New Jersey English refers to the diverse regional varieties of American English spoken across the U.S. state of New Jersey. Despite popular stereotypes in the media that there is a singular New Jersey accent, there are in fact several distinct accents native to New Jersey, none being confined only to New Jersey. Therefore, the term "New Jersey English" is diverse in meaning and often misleading, and it may refer to any of the following dialects of American English—most frequently to New York City English and Philadelphia English—or even to intermediate varieties that blend the features of these multiple dialects.

==African-American dialect==

Working- and middle-class African Americans throughout New Jersey commonly speak African-American Vernacular English (AAVE), regardless of the area of the state in which they were raised. New Jersey AAVE commonly includes a distinction between the vowels of cot and caught as well as notable fronting of the vowel.

==New York metropolitan dialect==

New York City English, including the accent of greater New York City, is spoken in northeastern New Jersey, plus Monmouth County and other New Jersey counties in North Jersey or within the New York City metropolitan area. Therefore, the short-a system of these areas of New Jersey is most similar to the New York City split-a system, albeit with some variation. East of the Hackensack River and in Newark, William Labov finds the split-a system to occur with no more variation than in New York City proper. However, west of the Hackensack River, he finds that the normal function word constraint of New York City English is lost, and the open syllable constraint becomes variable. Furthermore, most of the New York metropolitan dialect heard in New Jersey is rhotic, or "r-pronouncing", although the speech of Newark as well as Jersey City (just across the Hudson River from New York City) may, by contrast, be non-rhotic, or "r-dropping".

==Northern dialect==

Outside of the New York and Philadelphia metropolitan areas, regional English of North Jersey was classified as part of the broad Northern U.S. phonological region by The Atlas of North American English (ANAE) in 2006 and part of the Hudson Valley lexical region by Hans Kurath in 1949. According to the ANAE, the /uː/ vowel remains very far back in the mouth. Like Inland Northern English but unlike New York City English, the accent backs /ɛ/ and fronts /ɒ/ so that both vowels are centralized, distinguished from each other only by height.
However, unlike the Inland Northern accent, this accent uses the nasal short-a system.

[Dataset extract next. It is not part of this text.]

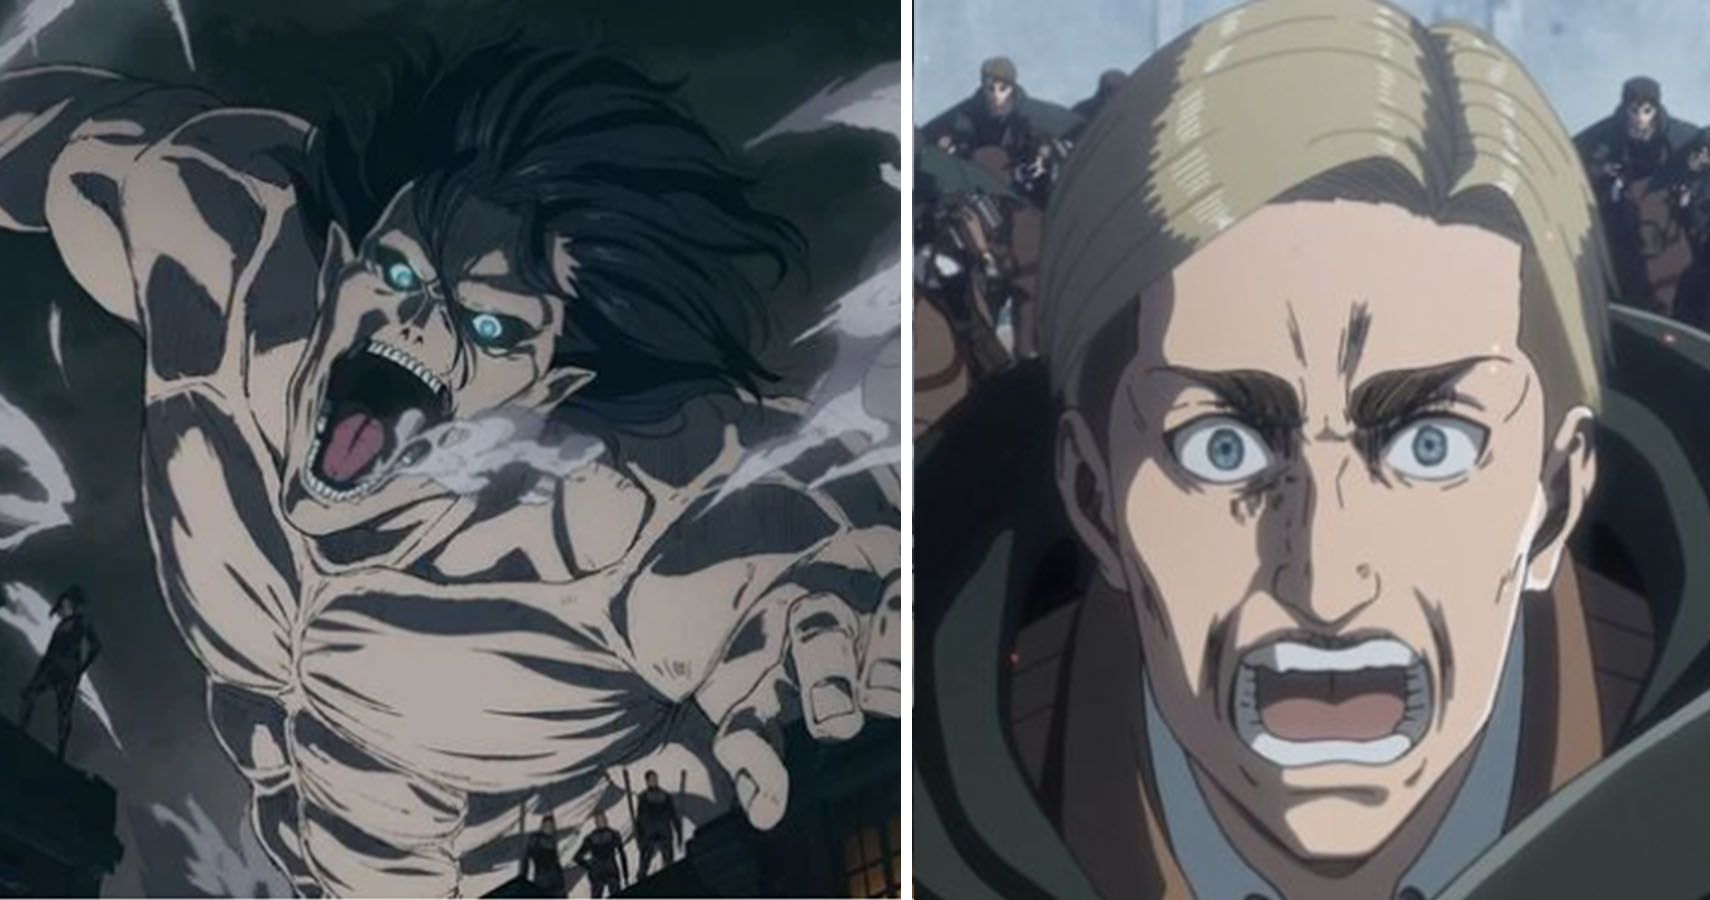 Attack On Titan: 10 Things To Expect In Season 4 Based On The Manga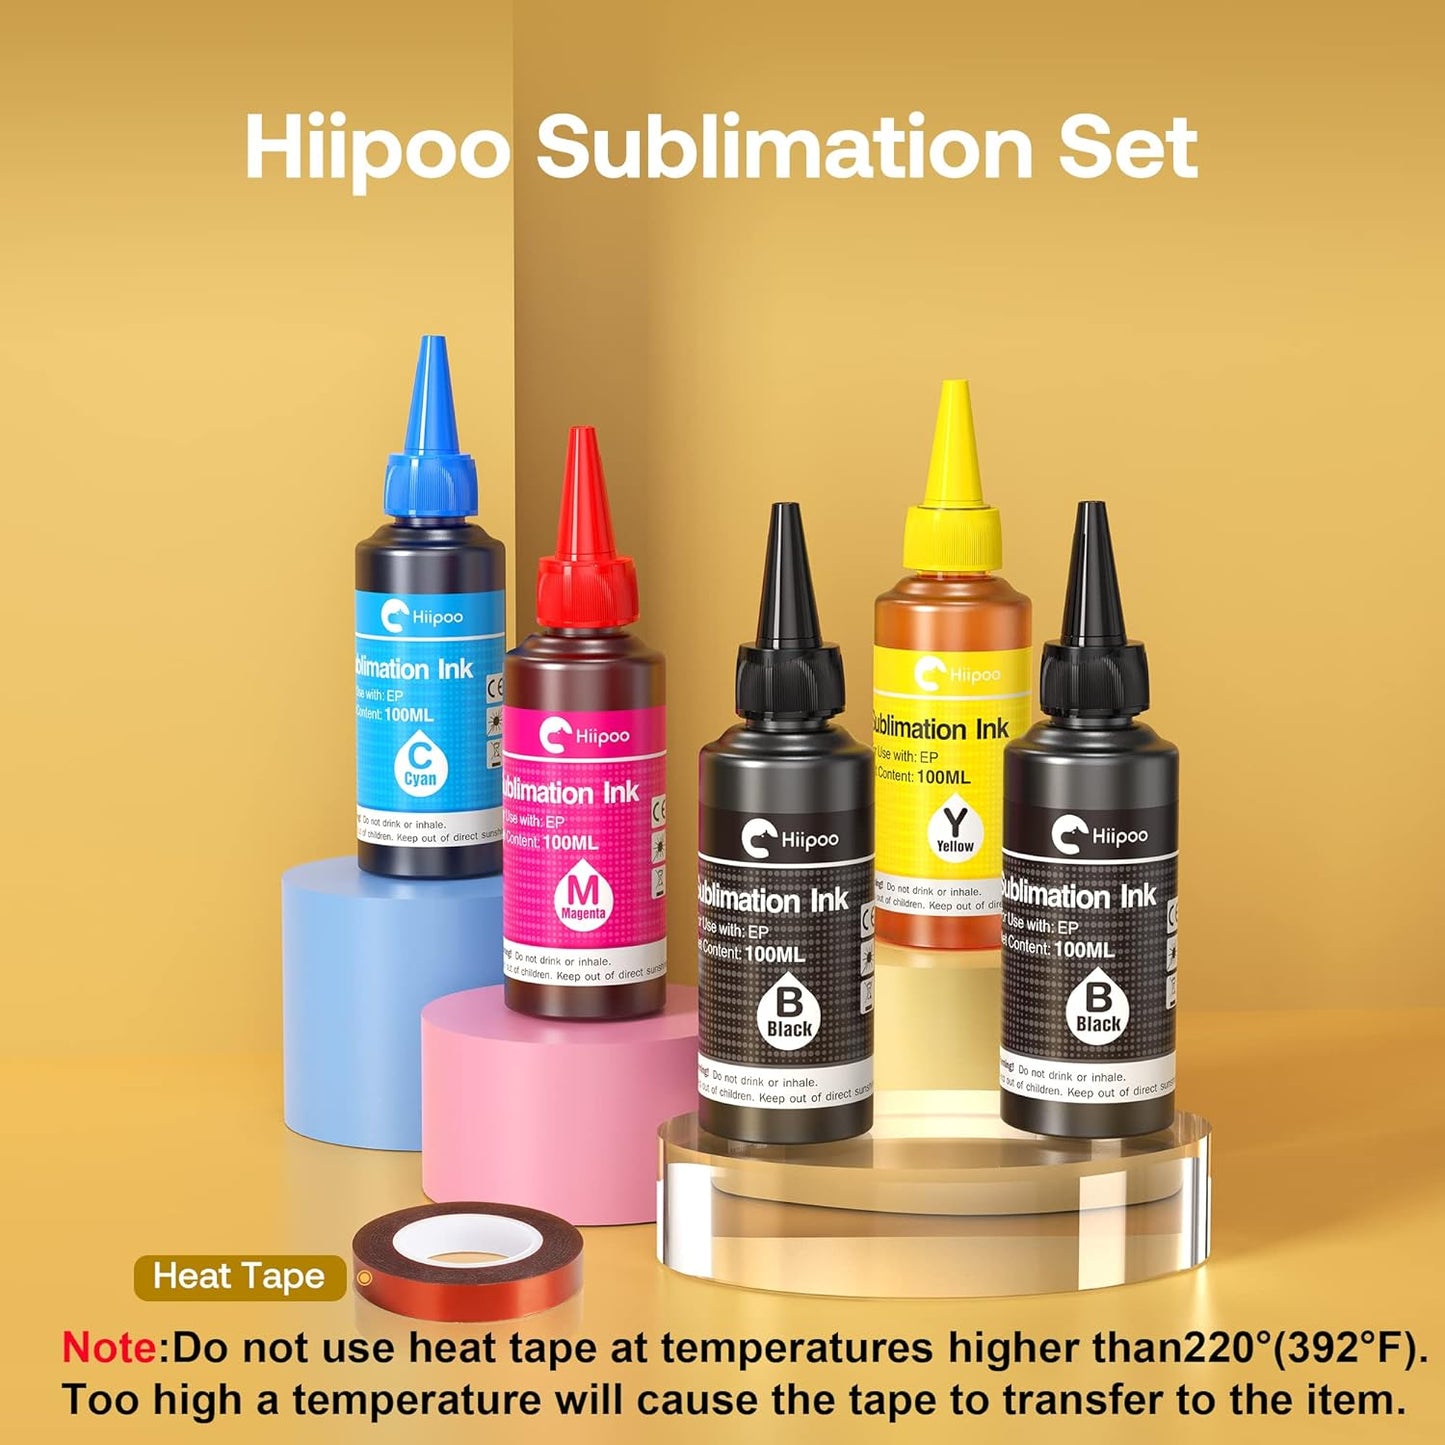 Hiipoo 500ML Sublimation Ink Refill for ET2400 ET-2720 ET-2760 ET-2800 ET-2803 ET-2850 ET-4800 ET-15000 ET-3760 Inkjet Printer Heat Press Transfer on Mugs T-Shirts Pillows (Upgrade Version)

==Philadelphia metropolitan dialect==

The regional dialect of the Mid-Atlantic States, in this case Philadelphia English specifically, is spoken in South Jersey and some parts of Central Jersey, including most of Ocean County. Generally, the closer a speaker is raised to the city of Philadelphia, the more features their idiolect will share with the sub-dialect of Philadelphia, such as the use of the term hoagie to refer to a submarine sandwich (or sub). In Vineland in South Jersey and in some areas of Central Jersey, a nasal short-a system has been reported (in which /æ/ is tensed only before a nasal consonant) rather than the defining Philadelphian split-a system otherwise typical of South Jersey.

==Bibliography==
- Labov, William (2006). "The Atlas of North American English"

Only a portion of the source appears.